Chapter 21: Load Balancing
When multiple servers can handle the same request, a load balancer decides which server should receive each request. Effective load balancing ensures that no single server becomes a bottleneck while others sit idle. It is a fundamental technique for achieving both scalability and reliability in distributed systems.
Gateway Load Balancer
Our system's entry point is a gateway load balancer that sits in front of multiple frontend instances. It maintains a pool of backends, each tracked with its health status and active connection count:
Seeloadbalancer/src/main.rs for the full implementation.
struct Backend {
address: String,
healthy: bool,
active_connections: usize,
}
struct LoadBalancer {
backends: Vec<Backend>,
strategy: String,
next_index: usize,
}
The load balancer discovers its backends dynamically.
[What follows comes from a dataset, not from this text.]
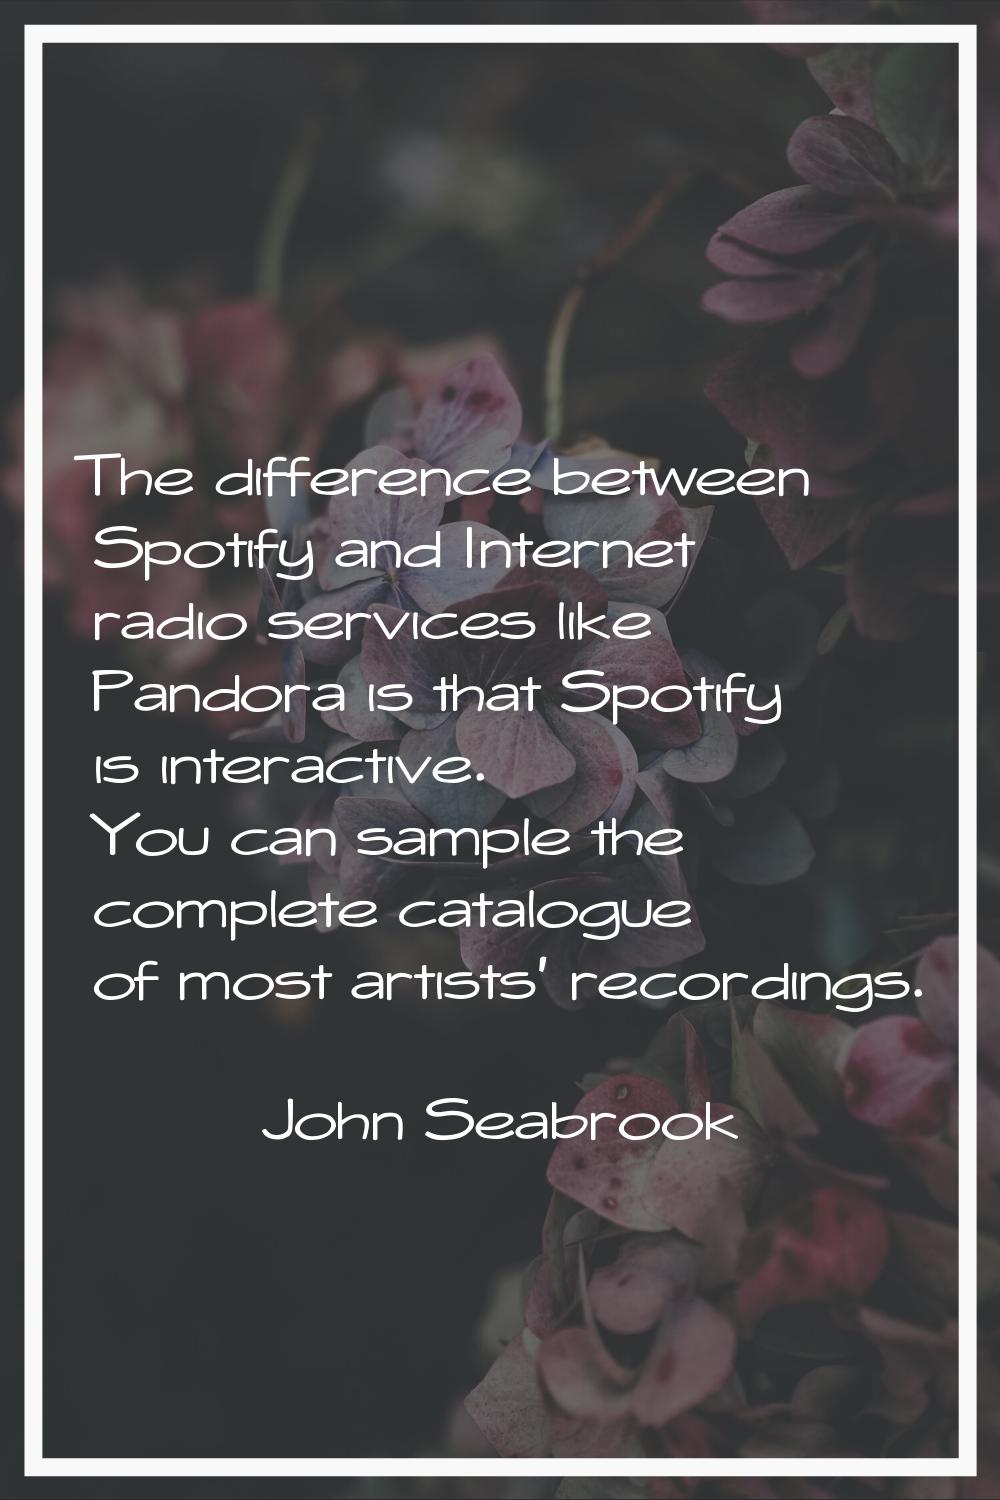 The difference between Spotify and Internet radio services like Pandora is that Spotify is interact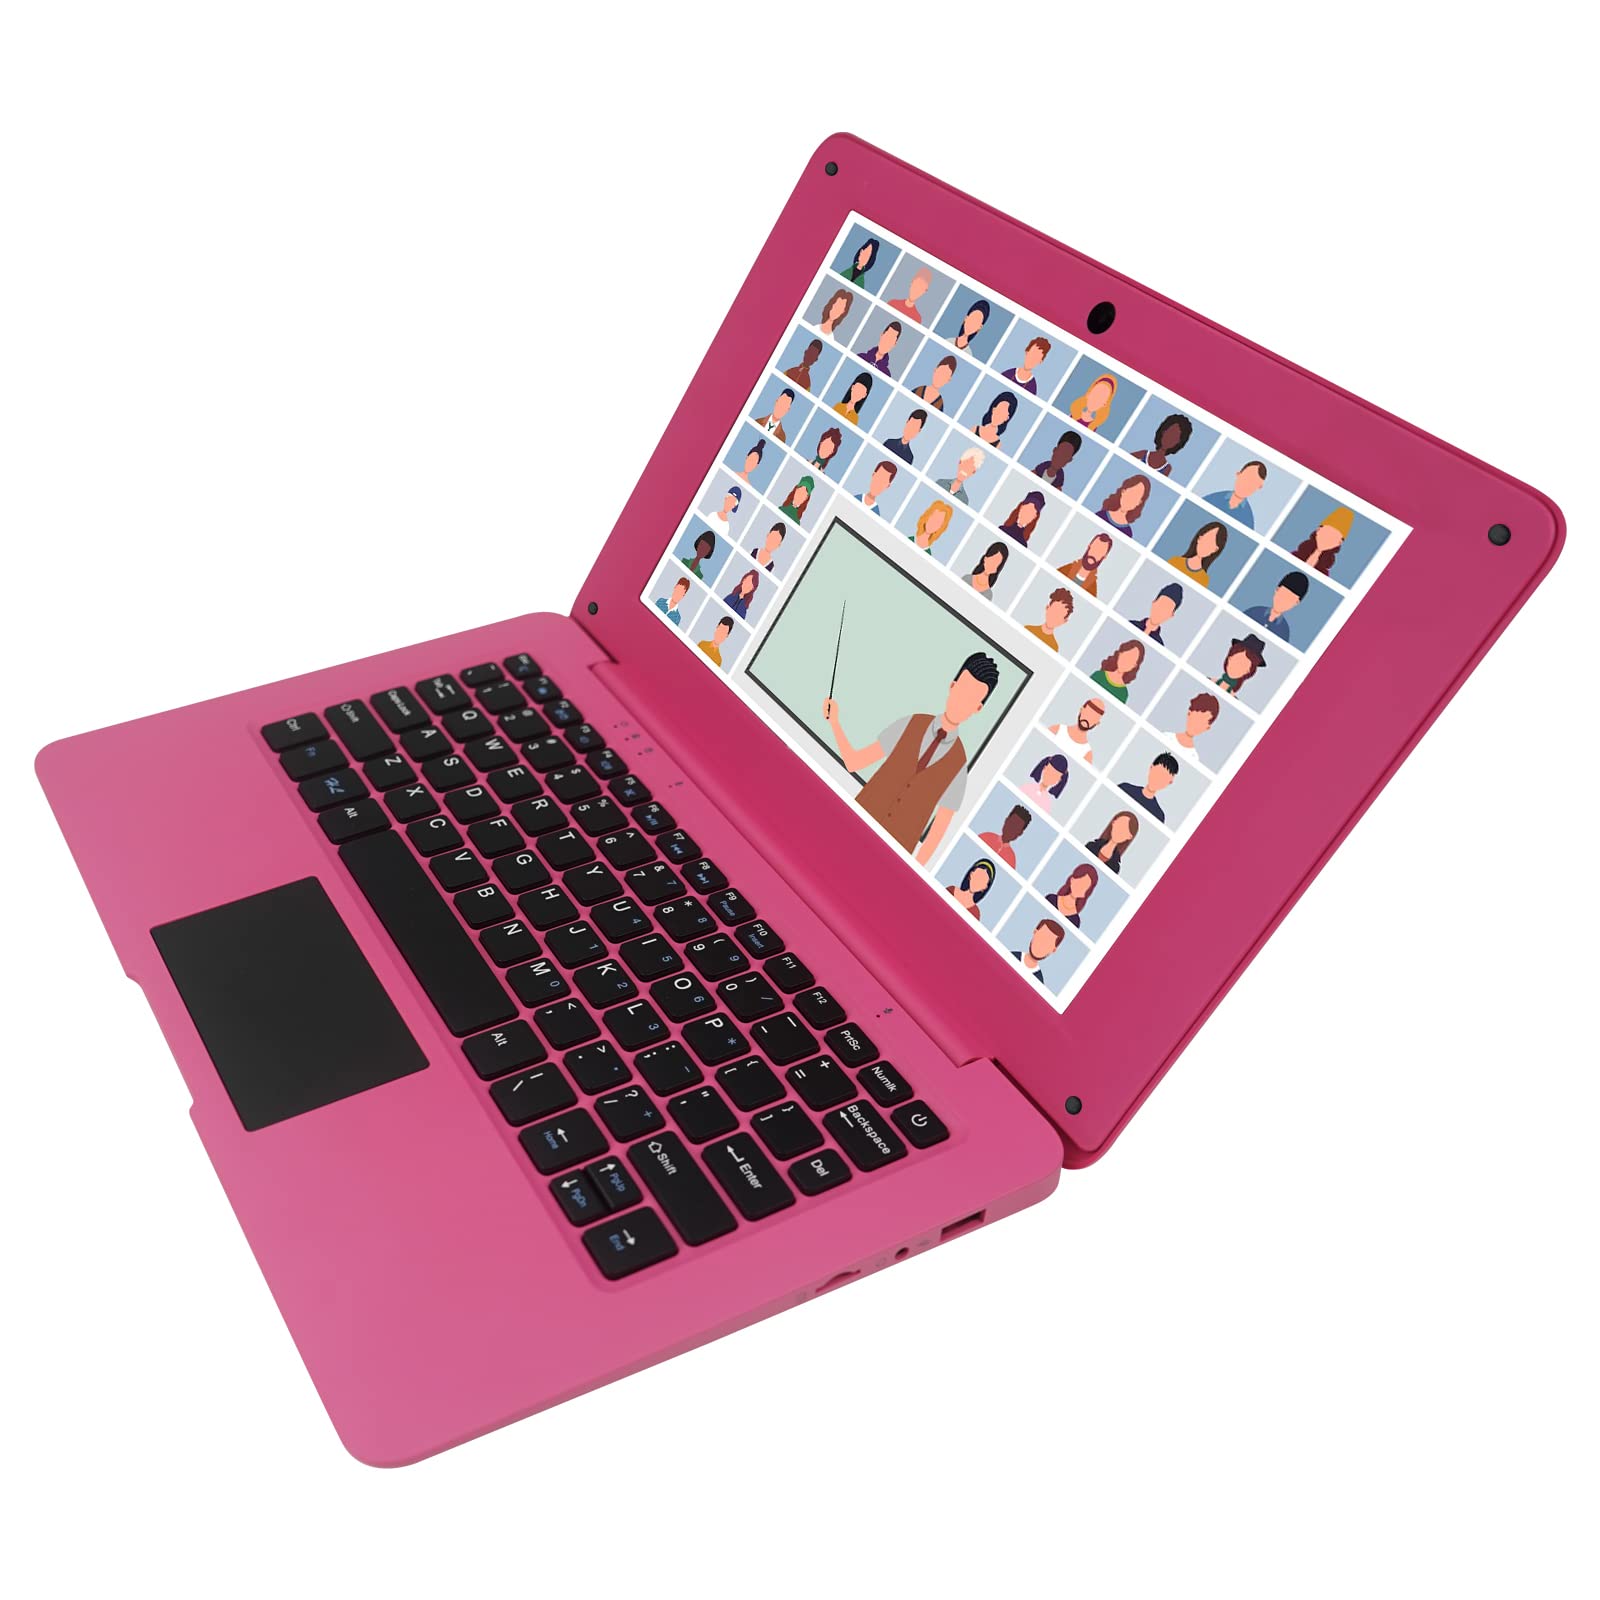 EVRAIN 10.1inch Android Netbook, Portable Laptop with A133P CPU, 2GB RAM 64GB ROM 800x1280 IPS Screen (Pink)

Every five seconds, a
background task calls discovery::list("frontend") to refresh the backend
list. New backends are added automatically; backends that disappear from
discovery are removed.
Balancing Strategies
The gateway supports four strategies, selectable at runtime via the
/__lb_strategy endpoint or the STRATEGY environment variable:
Round-robin distributes requests sequentially, skipping unhealthy backends. It works well when servers and requests are homogeneous:
// round-robin: increment next_index, skip unhealthy
let start = self.next_index;
let total = self.backends.len();
for offset in 0..total {
let idx = (start + offset) % total;
if self.backends[idx].healthy {
self.next_index = (idx + 1) % total;
return Some(idx);
}
}
Least-connections sends each request to the healthy backend with the fewest active connections. This naturally accounts for heterogeneous request costs — slow requests keep a connection open longer, directing traffic elsewhere:
// least-connections: pick the healthy backend with fewest active
let mut best = healthy[0];
for &i in &healthy {
if self.backends[i].active_connections
< self.backends[best].active_connections
{
best = i;
}
}
Some(best)
Random selects a healthy backend uniformly at random. Simple and stateless, but it can produce uneven distribution with small backend counts.
Power of two random choices (pick-2) is a particularly elegant algorithm: pick two random healthy backends and choose the one with fewer active connections. Research shows this achieves exponentially better load distribution than pure random selection, with minimal coordination.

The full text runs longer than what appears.